As I already said on IRC, I think a really important part in order to
make proper op blockers workable is that we actually enforce that you
have to request permission before you can operate on an image. That is,
if you were to write to an image, but you haven't requested write
permission from the op blocker system before, you'd get an assertion
failure.

The reason for this is that it's a long standing issue of the current
system that it's not only possible, but even easy to forget adding the
blocker code or updating it when the surrounding code changes. The
result is a mechanism that is too restrictive for many cases on the one
hand, but fails to actually provide the protection we need on the other
hand (for example, bs->file is still unprotected).

Blockers are subtle and at the same time pervasive enough that I'm
almost sure we wouldn't implement them correctly if we don't force
ourselves to do it right by letting qemu crash whenever we don't.

> Proposed New Design Features:
> ------------------------------
> This design would supersede the current op blocker system.
> 
> Rather than have the op blockers attached directly to each BDS, Block
> Job access will be done through a separate Node Access Control system.
> 
> This new system will:
> 
>     * Allow / Disallow operations to BDSs, (generally initiated by QAPI
>       actions; i.e. BDS node operations other than guest read/writes)
> 
>     * Not be limited to "block jobs" (e.g. block-commit, block-stream,
>       etc..) - will also apply to other operations, such as
>       blockdev-add, change-backing-file, etc.
> 
>     * Allow granularity in options, and provide the safety needed to
>       support multiple block jobs and operations.
> 
>     * Reference each BDS by its node-name
> 
>     * Be independent of the bdrv_states graph (i.e. does not reside in
>       the BDS structure)

I agree that the BDS structure is probably not the right place (except
possibly for caching the permission bitmasks), but I also wouldn't say
that it should be completely independent structures.
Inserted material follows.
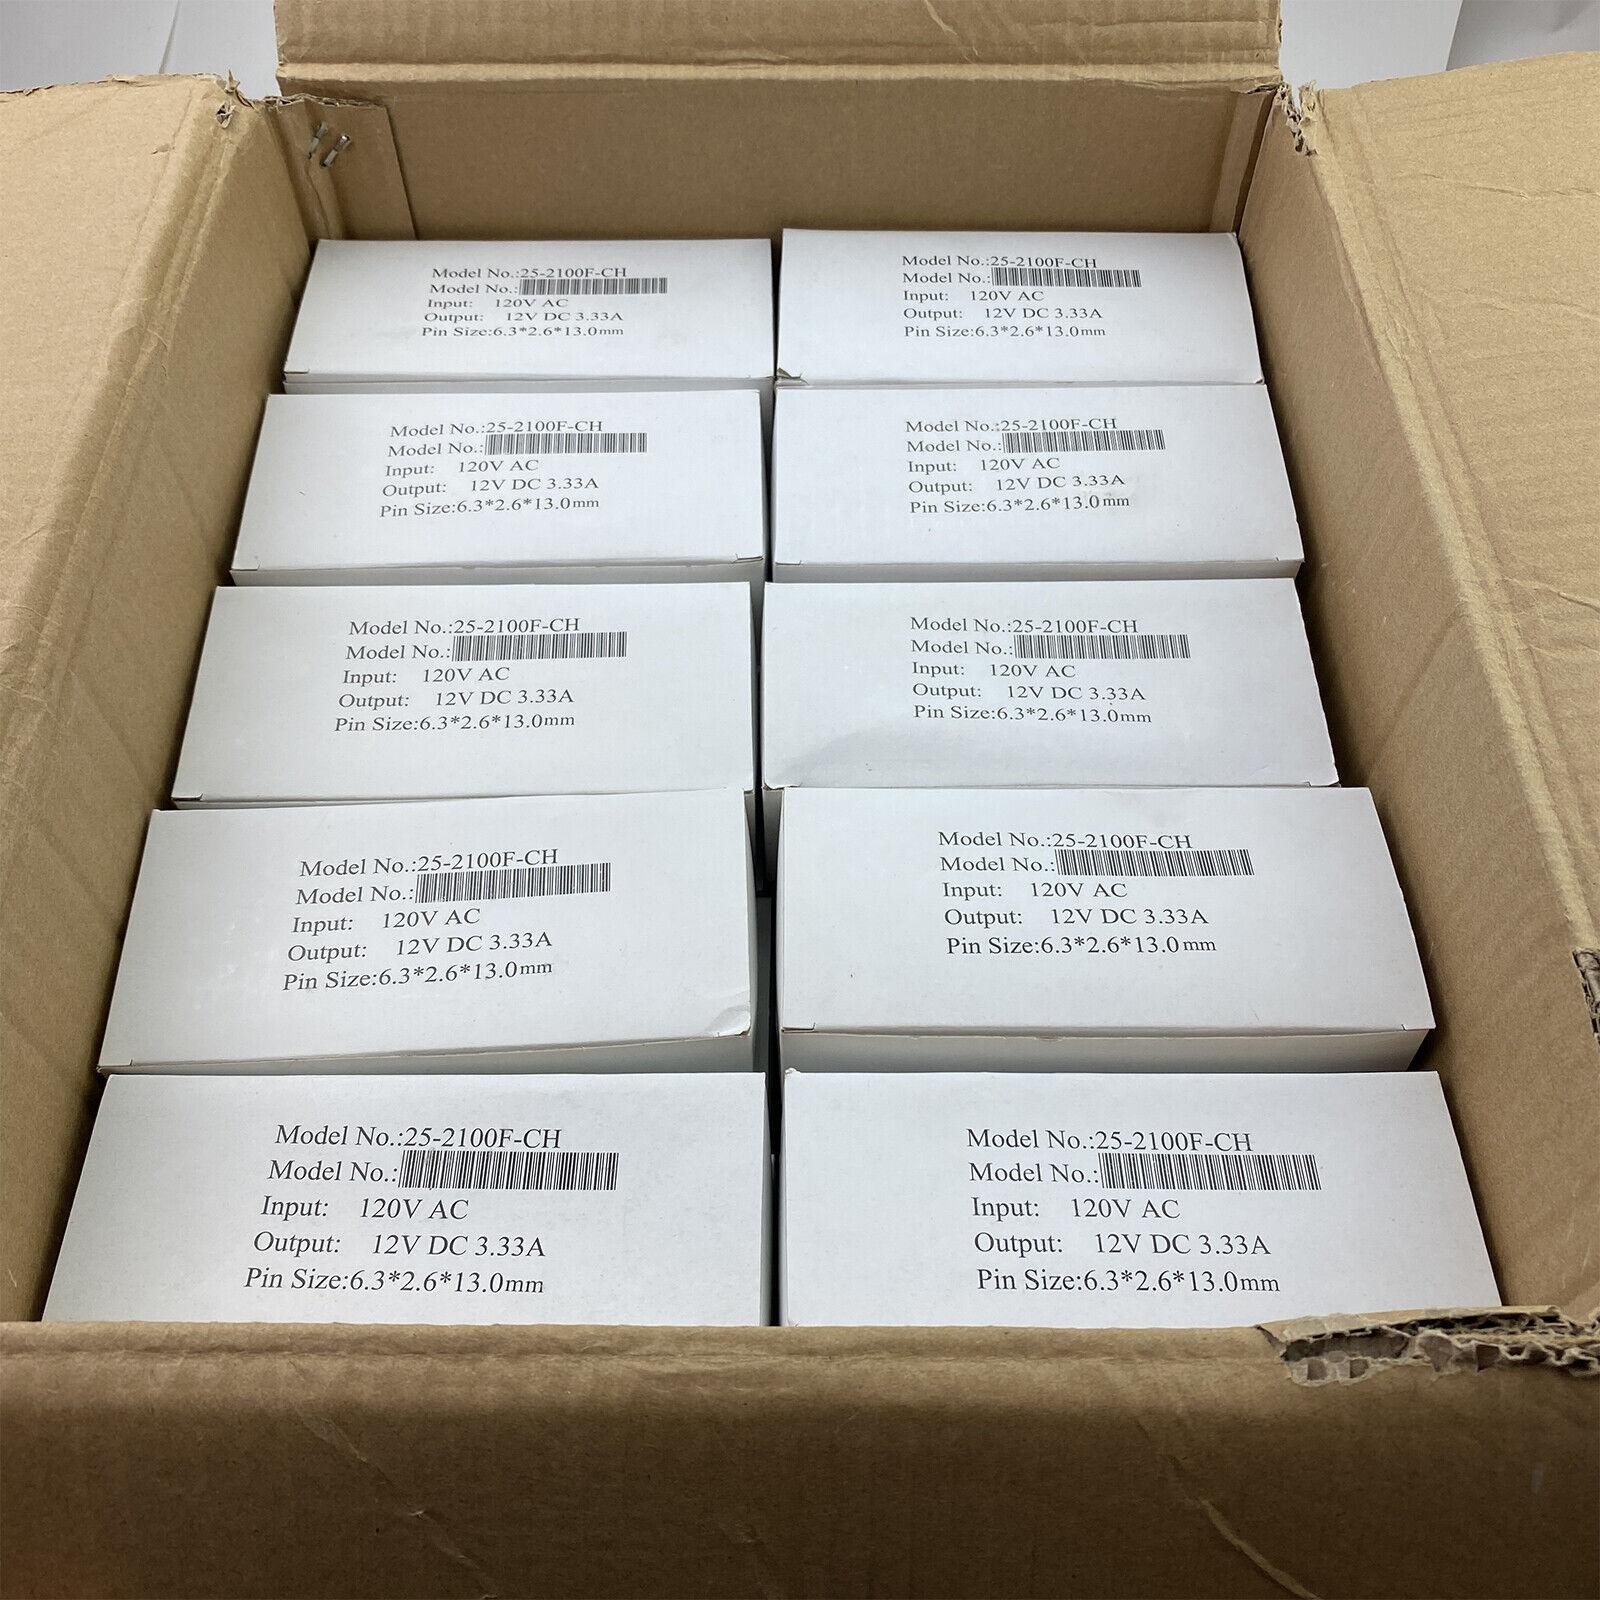 Lot of (50) - NEW 40W AC Adapter 12V 3.33A G40DD-120333-A 6.3x2.6x13.0mm

Otherwise keeping
things in sync when the graph changes might turn out hard.

At the moment I can see two fundamentally different kinds of operations
that are interesting for op blockers:

1. I/O requests

   We need a place to check I/O requests that knows both the user (and
   the permissions it has acquired) and the node that is accessed.

   Any I/O request from outside the block layer (which includes guest
   devices, NBD servers and block jobs) should come through a
   BlockBackend. Even though we don't have it yet, we want to have a
   single BB per user. These requests could be dealt with by calling
   into the NAC whenever a BDS is attach to or detached from a BB;
   assertions can be checked in the appropriate blk_* functions.

   But there are also references between BDSes in the middle of the
   graph, like a qcow2 image referencing (and sending I/O requests to)
   its bs->file and bs->backing. It's important that we represent the
   requirements of such nodes in the NAC. As permissions are always for
   a specific user for a specific node, neither the parent node nor the
   child node are the correct place to manage the permissions. It seems
   that instead BdrvChild might be where they belong. The NAC needs to
   be informed whenever a child node is attached or detached from a BDS.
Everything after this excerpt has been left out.